[[ DATA open ]]

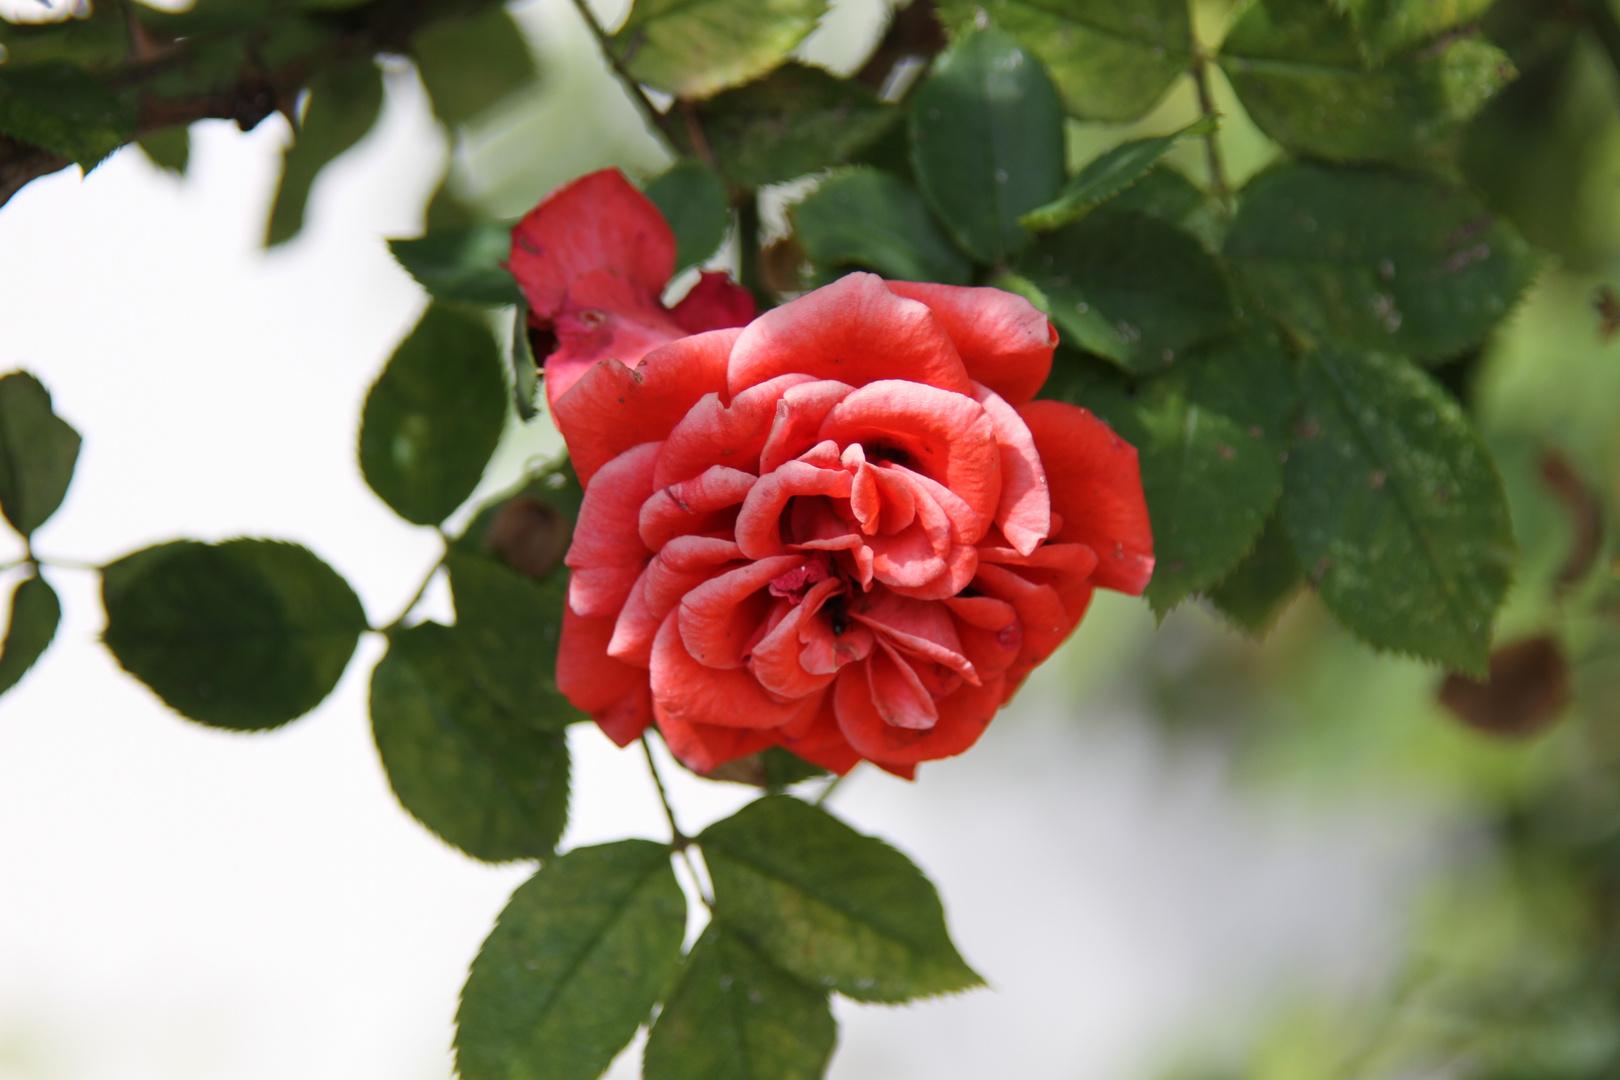 Die Rosen sind schon fast verblüht
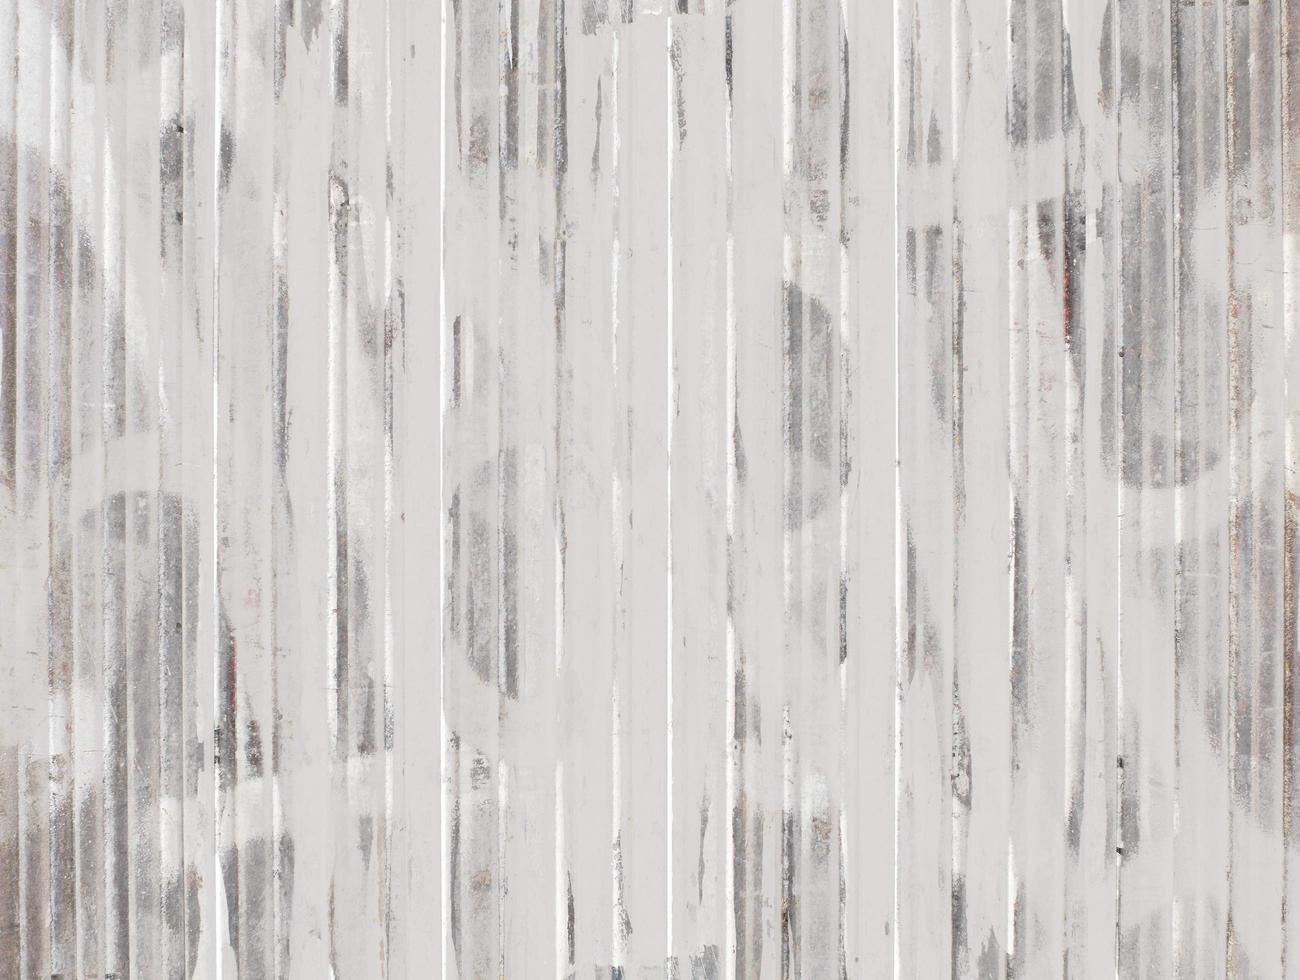 textura de acero óxido abstracto foto
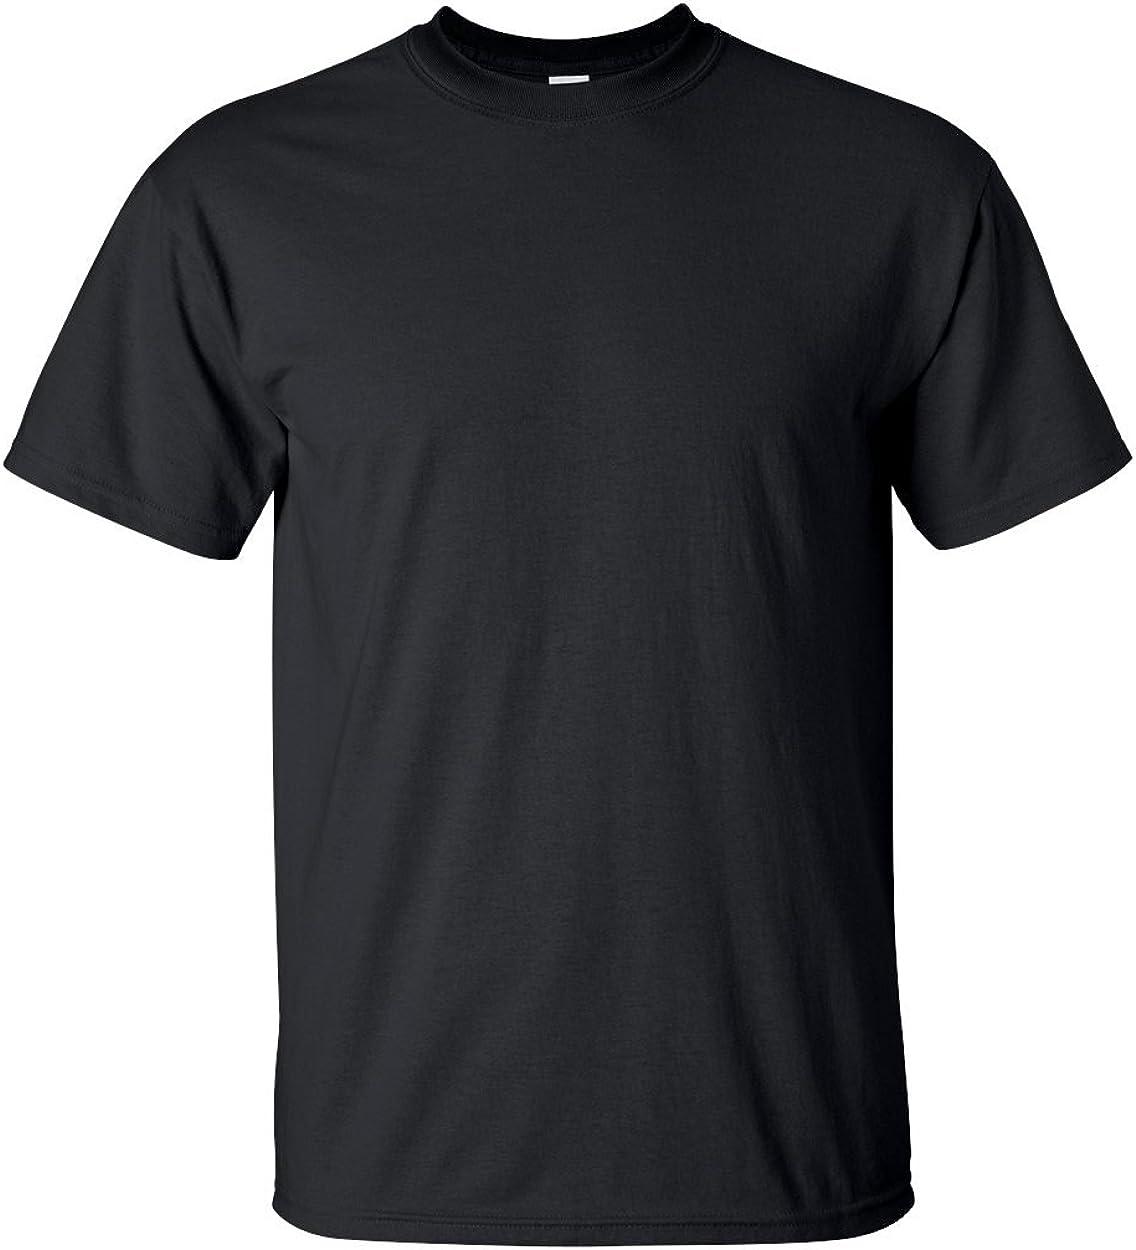 Gildan Ultra Cotton T-Shirt Tall Sizes
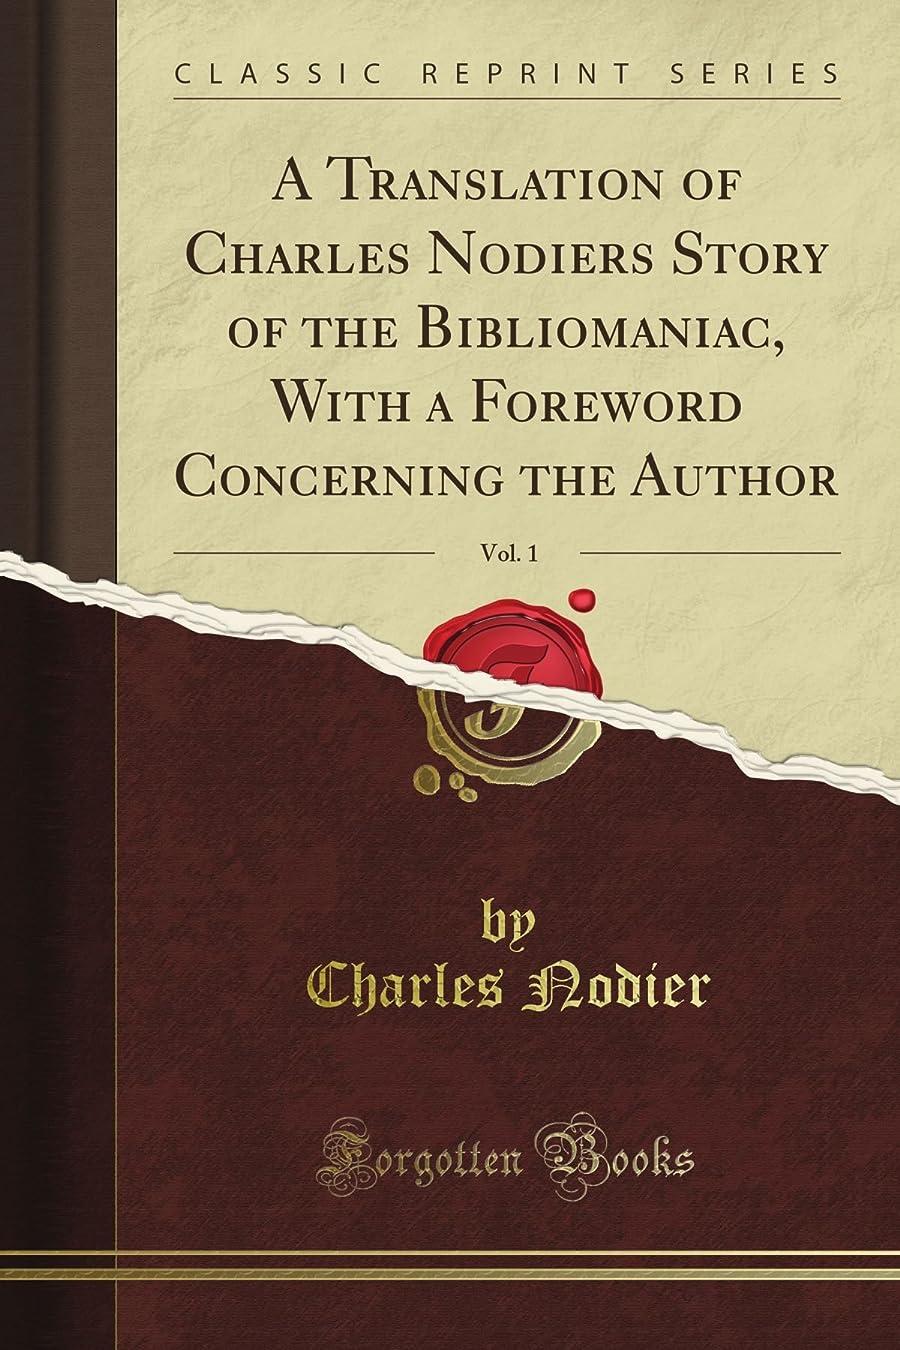 感じケイ素無臭A Translation of Charles Nodier's Story of the Bibliomaniac, With a Foreword Concerning the Author, Vol. 1 (Classic Reprint)
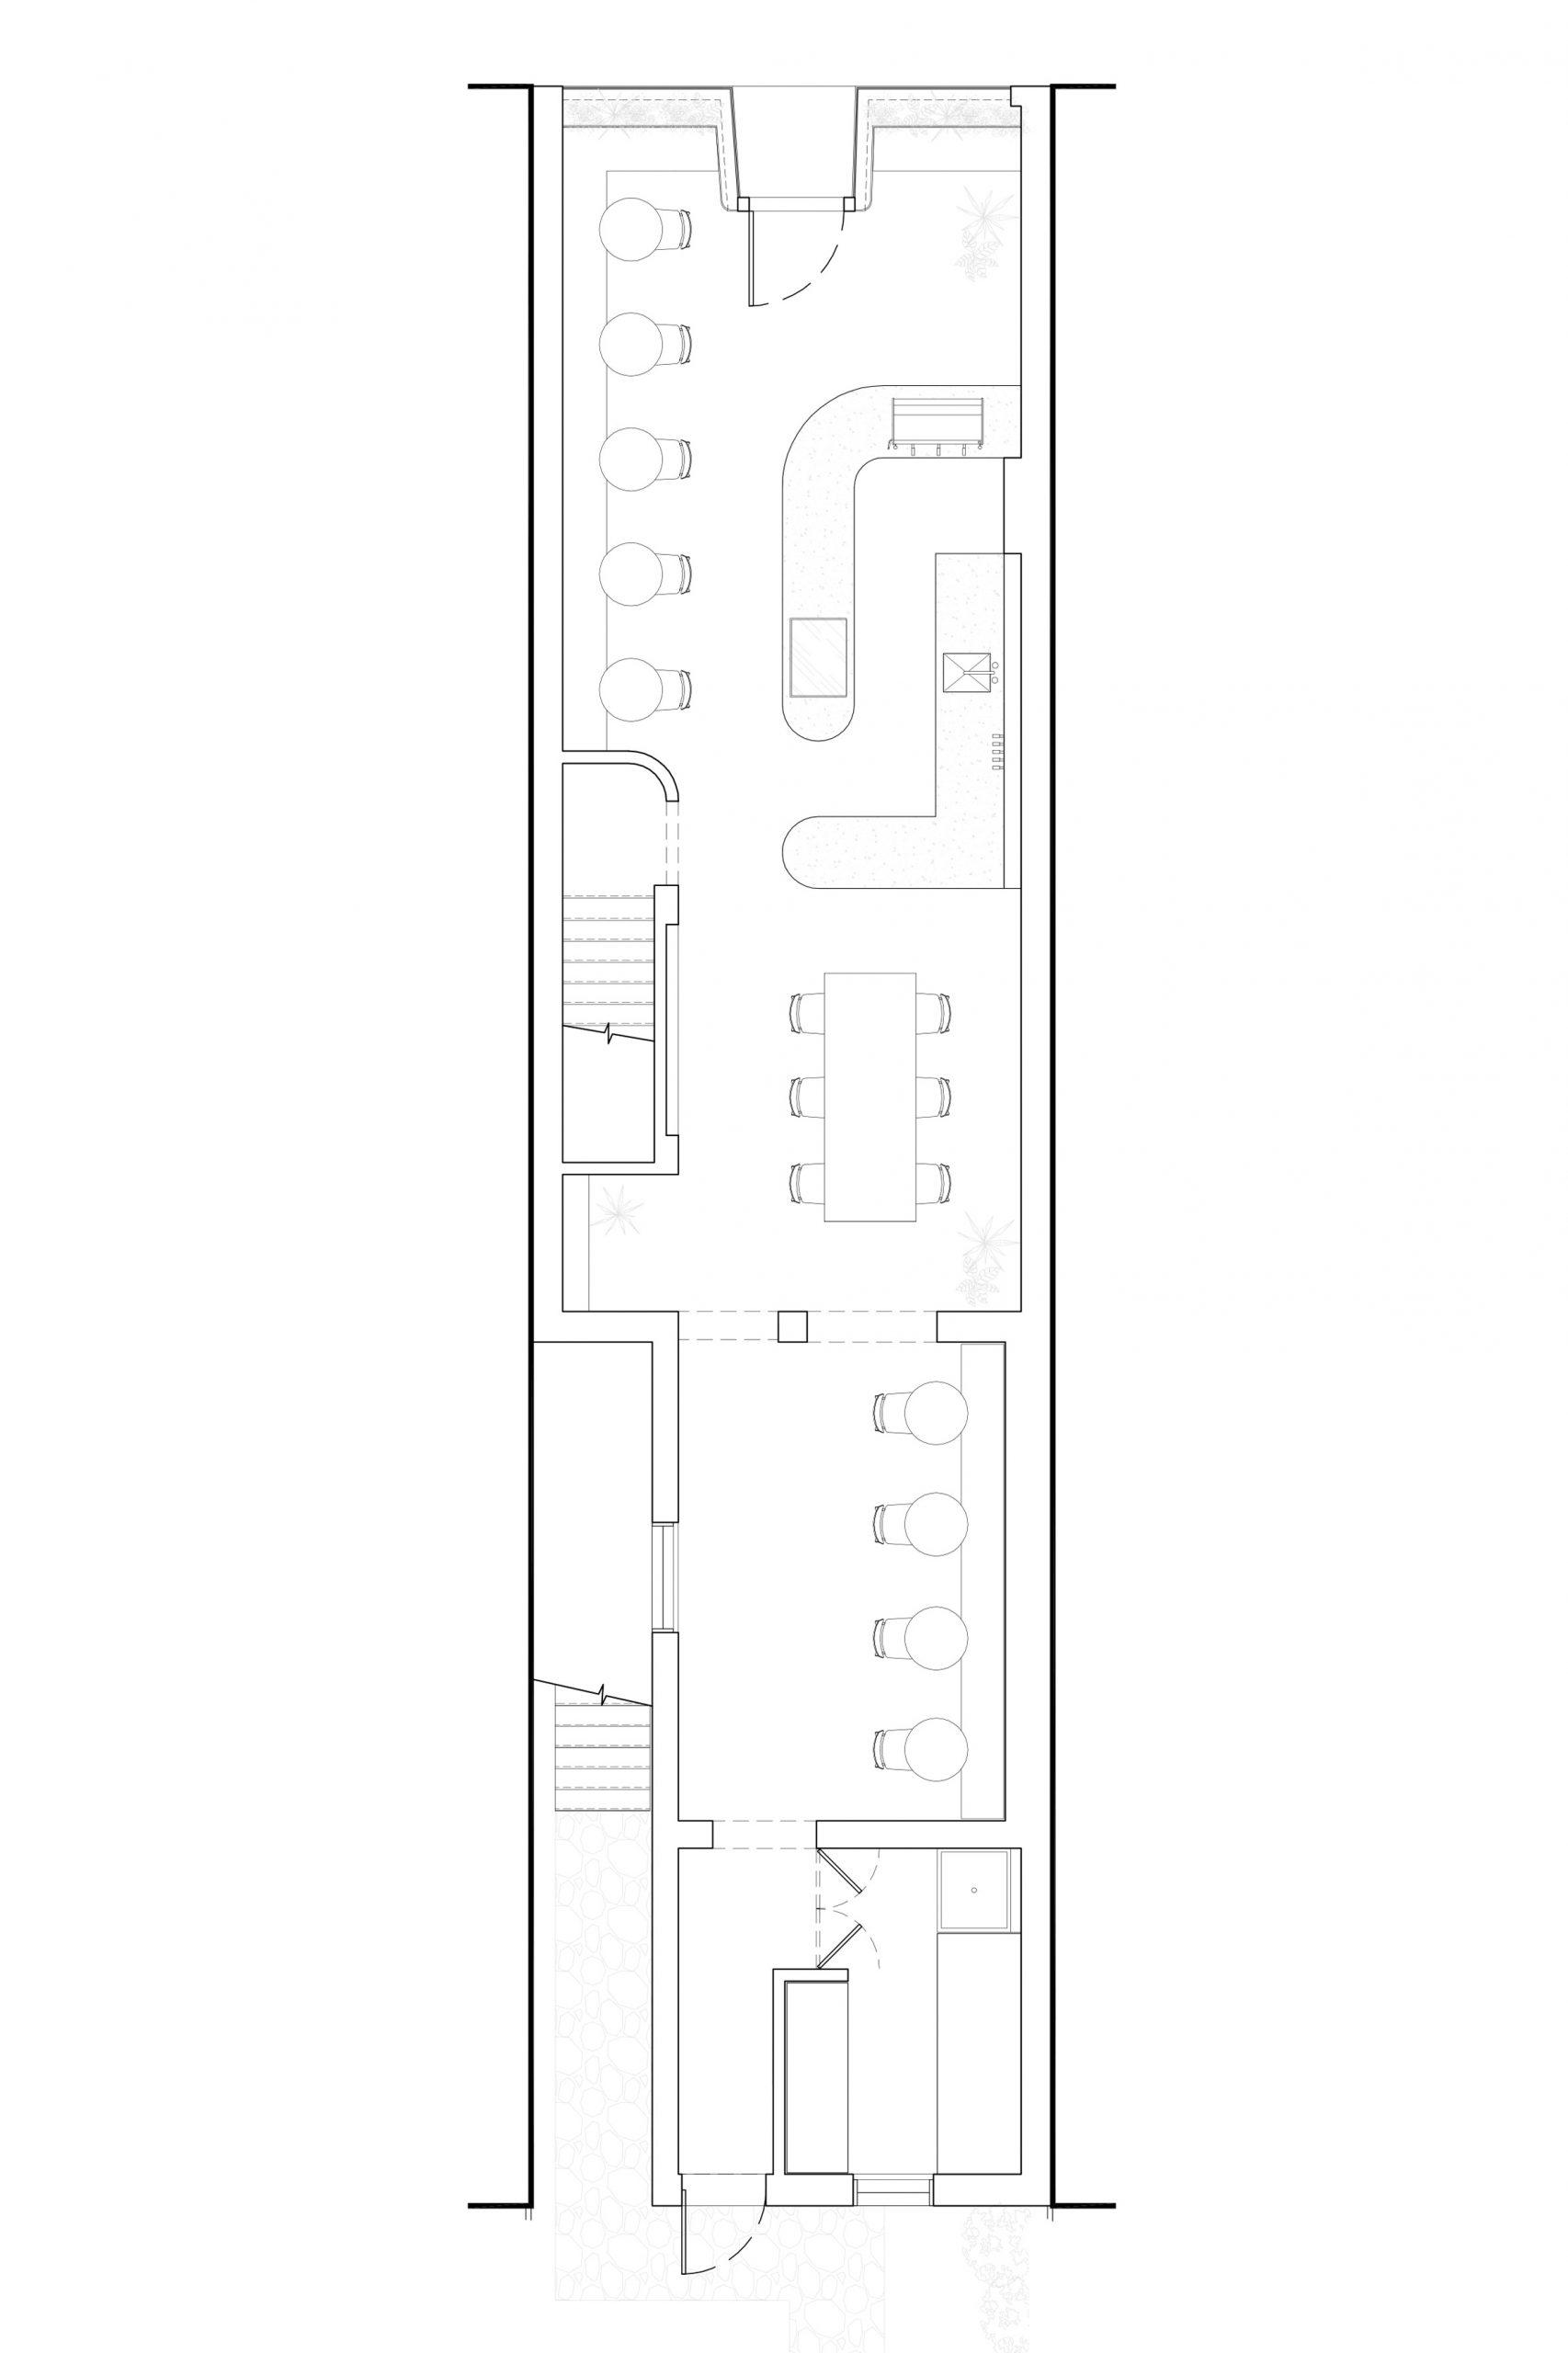 Thiết kế quán cafeđẹp 8

[[ DATA closed ]]

§ **WORK TO COMPLETE**
Copy the records above precisely, and leave every image out of the copy.

§ **WRITTEN SOLUTION**
 Die Rosen sind schon fast verblüht
 textura de acero óxido abstracto foto
 Gildan Ultra Cotton T-Shirt Tall Sizes
 感じケイ素無臭A Translation of Charles Nodier's Story of the Bibliomaniac, With a Foreword Concerning the Author, Vol. 1 (Classic Reprint)
 Thiết kế quán cafeđẹp 8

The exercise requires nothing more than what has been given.